Или мать. Так уж вышло, что именно они называли меня полным именем, а поскольку обычно обращались ко мне лишь чтобы за что-то отчитать – когда я вела себя без нареканий, обо мне и не вспоминали, – то своё полное имя я не любила.

Глава 5. Часть 2

– Хант, Хант… – забормотал Джул, потирая нос. Кажется, этот жест помогал ему думать. Берти в таких случаях чесал затылок, отучить его от этой привычки гувернёр так и не сумел. – А! Точно! Дядя Морган! Ха! Теперь понятно, почему папа успокаивал маму, говоря, что я в академии буду под присмотром. Я думал, он няньку в виду имел, а он про дядю Моргана говорил. А мне не сказали…

– Так ректор – твой дядя?

Наверное, по материнской линии, раз фамилия другая.

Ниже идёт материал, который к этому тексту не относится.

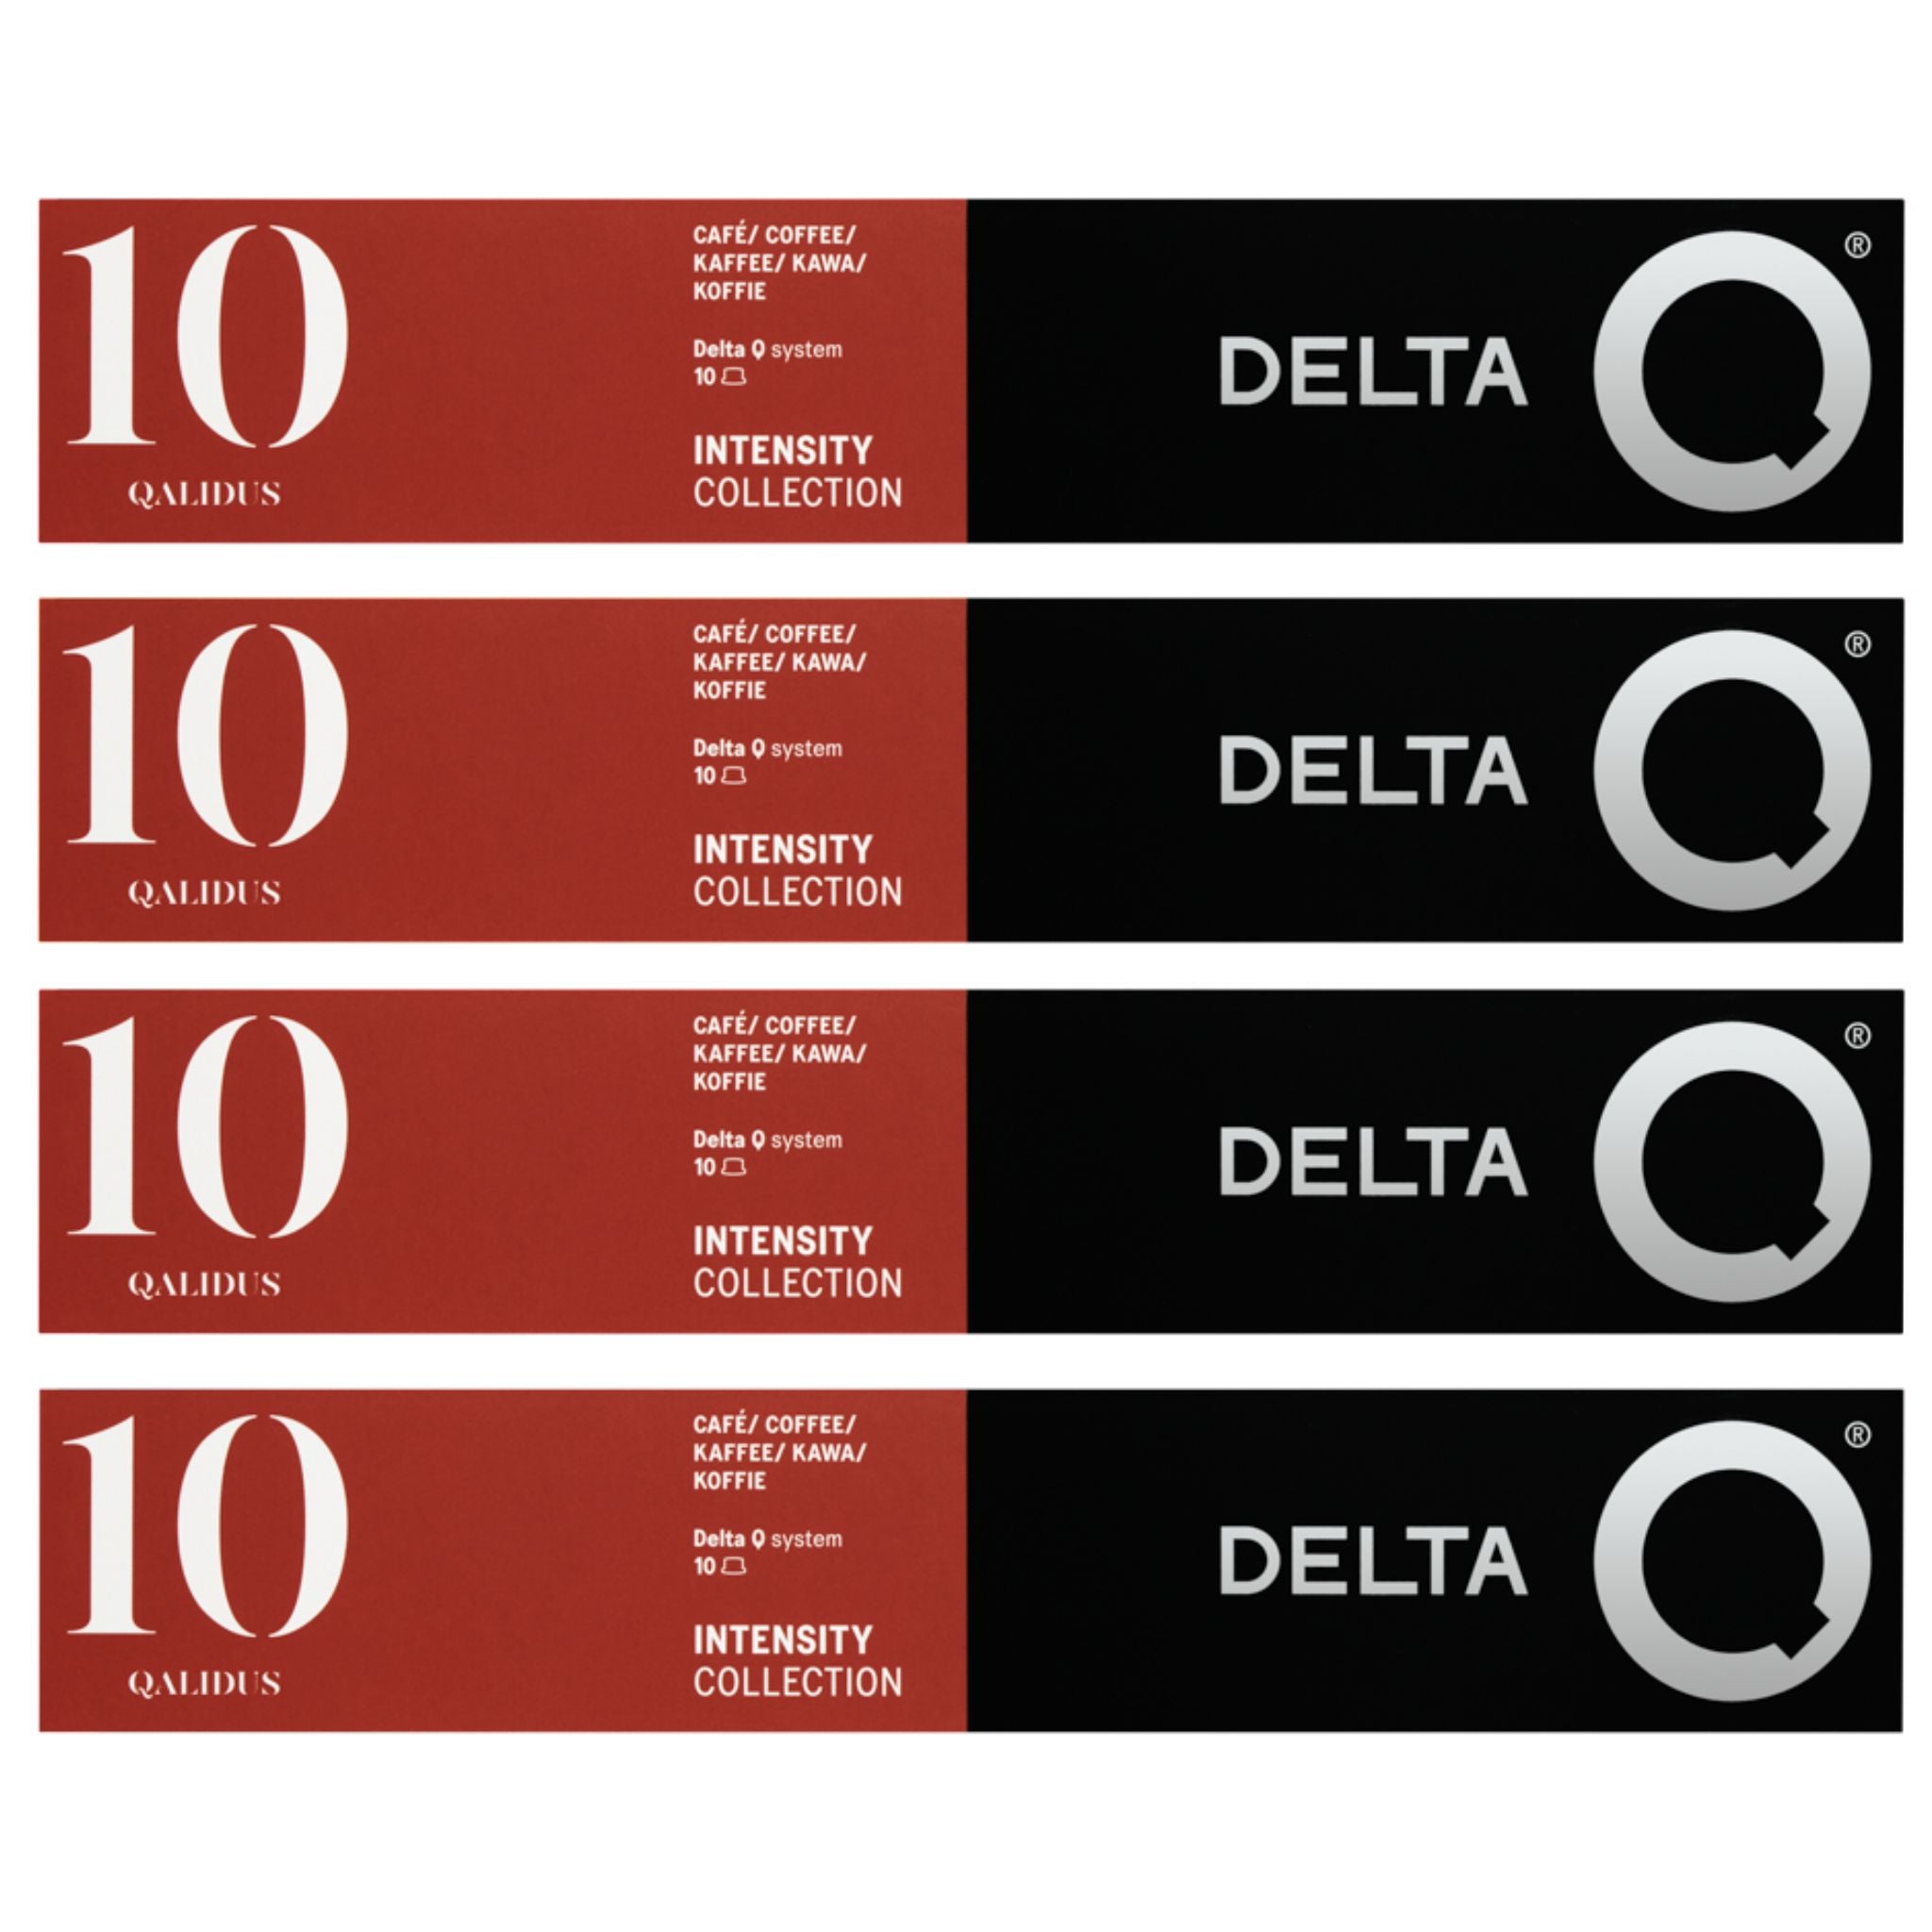 Delta Q Espresso Capsules Qalidus #10, 4 Boxes – Portugalia Sales Inc

– Нет, он так-то мне вообще никто. Просто он с моим папой вместе учился, в одной комнате жил, они дружили очень. И мама его знала, она там же на два курса младше училась. То есть – не там же, а тут же, в этой же академии, – Джул потыкал пальцем куда то себе под ноги, видимо, пытаясь указать на то, что мы сами в той же академии сейчас находимся. – А потом, когда мама выпустилась, они поженились и уехали в папино поместье – оно на западе, почти на границе с Иганастаном.

– Ого! Далековато.

– Ага. От ближайшего стационарного портала ещё двое суток ехать. Мама говорит, что мы живём в пятке мира. В общем, я не знаю, встречались ли они потом, может, дядя Морган приезжал ещё до моего рождения или когда я был совсем маленьким, но я его никогда не видел.

– Но называешь дядей?

– Привычка. Он на каждый мой день рождения подарки присылал. И мне всегда говорили: «Это от дяди Моргана», а когда немного подрос, рассказали, кто это. Я тоже его фамилию случайно узнал, на конверте прочёл, он с отцом переписывается, а так бы точно не догадался.

– Надо же, как тесен мир, – я покачала головой, а потом, как бы мимоходом спросила: – У тебя родители не старые ещё?

– Старые, я у них не сразу родился, – махнул рукой Джул. – Маме уже сорок один, а папе сорок три. Потому так надо мной и трясутся. А мама вообще уверена, что я тут с голоду умру.

– Не умрёшь, тут хорошо кормят, добавку дают, – успокоила я его. – А если деньги есть, можно в буфете ещё что-нибудь вкусненькое прикупить, но и так никто не голодает. Да и вообще – раз они тут учились, должны сами это знать.

– Попробуй это моей объяснить, – Джул сокрушённо покачал головой. – Мамы, они такие, у них вечно ребёночек голодный. У тебя же есть мама?

– Есть, – коротко ответила я.

– Вот! Ты и сама всё понимаешь.

Понимаю. То, что мамы бывают разными – вот что я понимаю. И моей было как-то вообще безразлично, как и что я ем, и ем ли вообще. Экономка, кухарка, гувернантка – вот кого это заботило. И всё остальное – здорова ли я, учусь ли, одета ли, – было заботой тех, кому за это платили. Родителей это не волновало.

Отцовская забота заключалась в оплате счетов, материнская – в подборе гувернантки и прочих учителей: по танцам, музыке, живописи, верховой езде. Чтобы всё было, как у других, чтобы не опозориться, чтобы никто не ткнул пальцем в недостаточное образование детей. Чем эти дети живут, чем увлекаются, о чём мечтают, что любят, а что ненавидят – было для моих родителей второстепенным и неинтересным.

Я с этим давно смирилась. Бывало ведь и хуже, нас, по крайней мере, не били, над нами не издевались – к нам просто были равнодушны. И я была рада, что вот у этого славного паренька всё было иначе.

– Ладно, пойдём, – тряхнув головой, чтобы отогнать не самые радостные воспоминания, я потянулась к ручке двери, но меня опередили и галантно распахнули её передо мной. Совсем простой жест, но как же много он говорит об этом мальчике и его родителях тоже.

– Слушай, Лекси, не говори, пожалуйста, никому о том, что мы с дядь… с ректором не чужие, – попросил Джул, когда мы, спустившись на три ступени, шли по узкому, слабоосвещённому коридору.

– Хорошо. Я, собственно, и не собиралась.

– Понимаешь, если сейчас я буду получать высокие баллы на занятиях, все подумают, что это я молодец. А если будут знать, что ректор – друг моих родителей, то подумают, что хорошие оценки – только из-за него, что мне их завышают, как ректорскому протеже. И как бы я ни старался, всё равно обо мне будут так думать.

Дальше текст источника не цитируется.